Кенгуру вылетел прямо за мной. Он набрал ту же высоту, что и я, так что мы летели рядом. Ему не вполне удалась классическая позиция, потому что он не мог прижать передние лапы к телу и не знал, что делать с хвостом (только теперь, когда хвост развевался у него между лыжами, я заметил, что на него напялена вязаная шапочка с норвежским узором и с помпончиком), но должен признать, что для кенгуру у него получилось неплохо. И вот, летя бок о бок со мной, он вдруг повернулся ко мне, изучающе оглядел сквозь лыжные очки, а потом неожиданно спросил:
– Так что там у вас с морем?
– Что-что, с каким моржом? – удивленно спросил я, в ушах свистел ветер, и вместо «с морем» мне послышалось «с моржом».
– С морем, – попытался кенгуру перекричать ветер. – Я обратил внимание, что многие ваши тексты кончаются тем, что герой сидит на берегу моря и слушает шум волн. Мне хотелось бы, чтобы вы объяснили, что вы имели в виду.
– Я никогда ничего не имею в виду, – оскорбленно сказал я. – Я не пишу аллегорий. А почему, собственно, вас это интересует?
– Я пишу дипломную работу по вашей прозе, поэтому хотел спросить вас кое о чем, раз уж мы встретились.
Должен признать, что мне это польстило. Значит, мои произведения популярны даже в Австралии! Бедный кенгуру решился встать на лыжи и взобраться на ужасный трамплин, чтобы поговорить с любимым автором. Я спросил растроганно:
– Значит, мое творчество вам настолько нравится, что вы выбрали его для дипломной работы?
– Да нет, – небрежно ответил кенгуру, – я выбрал вас потому, что ваше творчество легко поддается структурному анализу.
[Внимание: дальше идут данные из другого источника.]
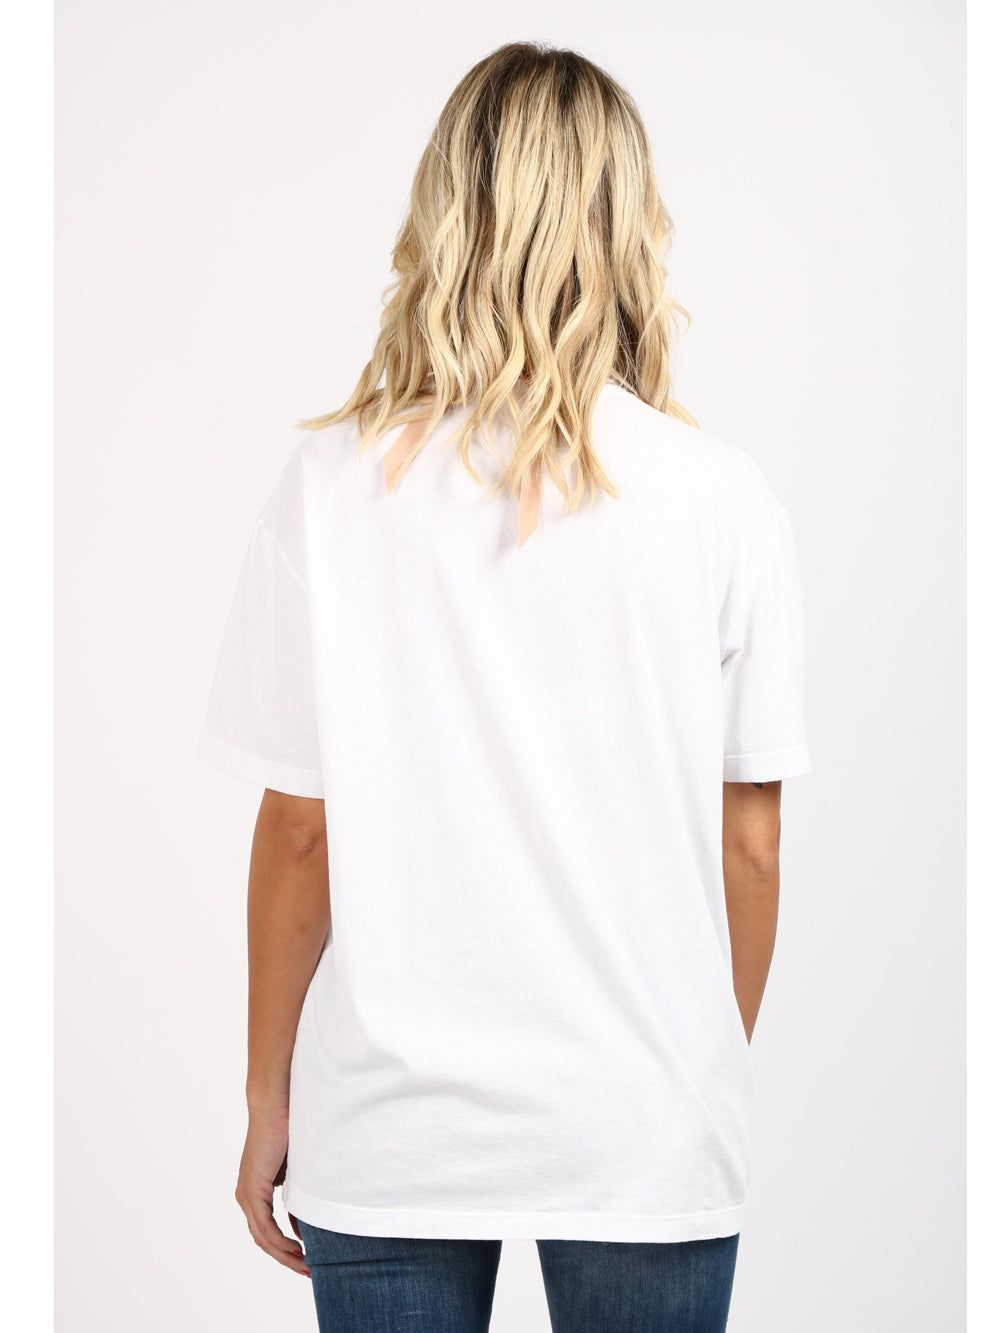 N°21 T-Shirt Girocollo in Cotone Bianca con Logo N°21 Nero Bianco

Я исхожу из концепции мельбурнской структуралистской школы, к известным представителям которой принадлежало и несколько кенгуру, вы наверняка слышали о ком-нибудь из них, ваши рассказы все на один манер: сначала рассказчик встречается с каким-нибудь странным животным, потом, как правило, происходит схватка, а в конце появляется нечто бесформенное и неопределенное, в чем все расплывается – туман там или море, на которое герой смотрит, переживая экстаз или что-то в этом роде. В общем, скука смертная.
– Ну конечно, вы, кенгуру, разбираетесь в книгах лучше всех! – отрезал я.
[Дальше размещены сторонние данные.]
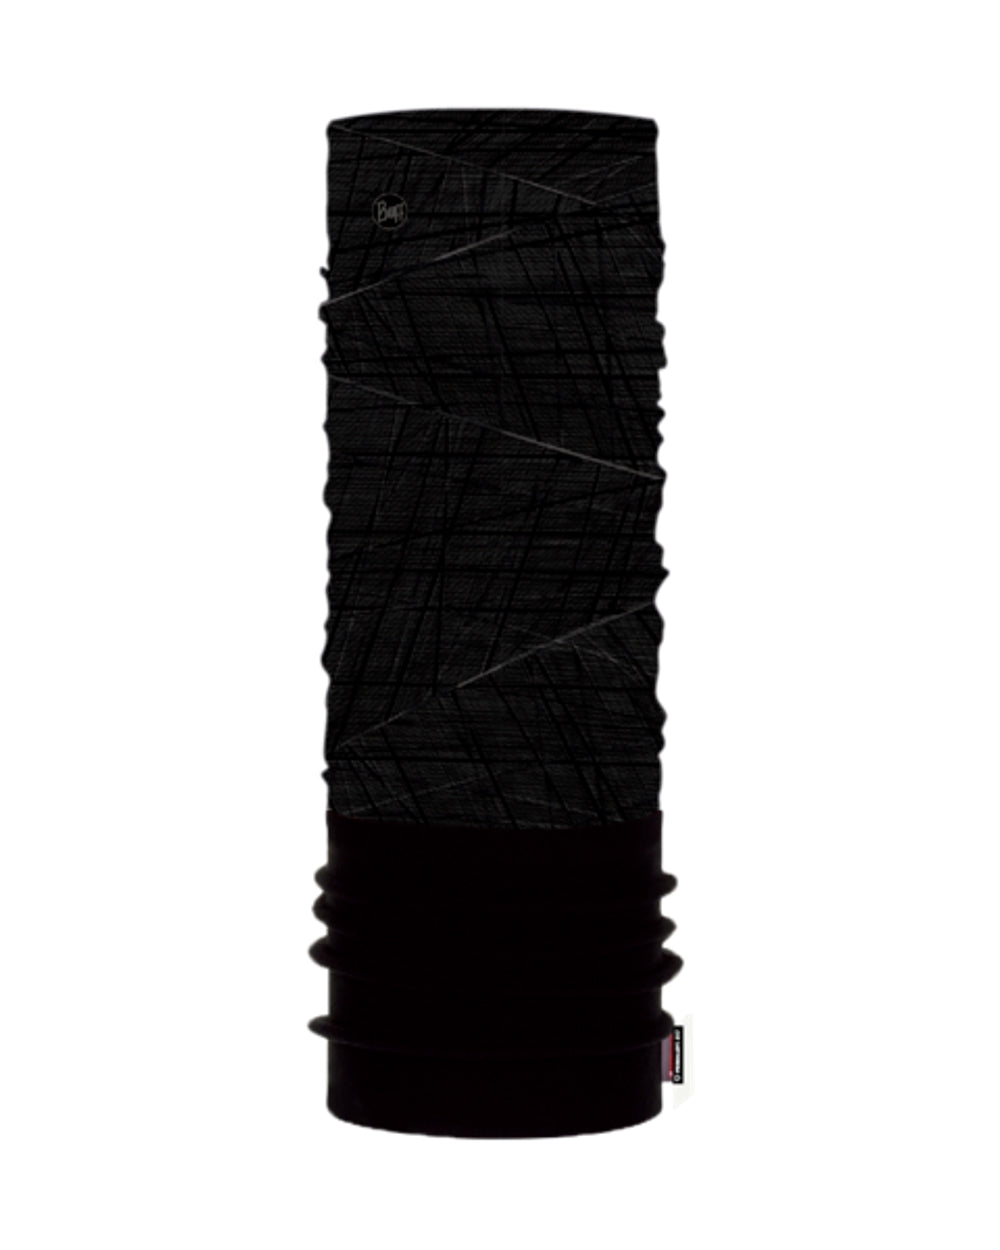 Buff Polar Multifunctional Neckwear in Embers Black

– Аргументация ad hominem – знак того, что мы растерялись, – невозмутимо констатировал кенгуру.
Мне вдруг стало смешно.
– Какое там ad hominem, ха-ха-ха! Скорее уж, аргументация ad kenguru!
– Такого аргумента в логике не существует, не выдумывайте. Впрочем, мне кажется, что дальше беседовать на этом уровне бессмысленно. Лучше я прочту вам то, что написал о мотиве моря в ваших произведениях, а вы выскажете мне свое мнение.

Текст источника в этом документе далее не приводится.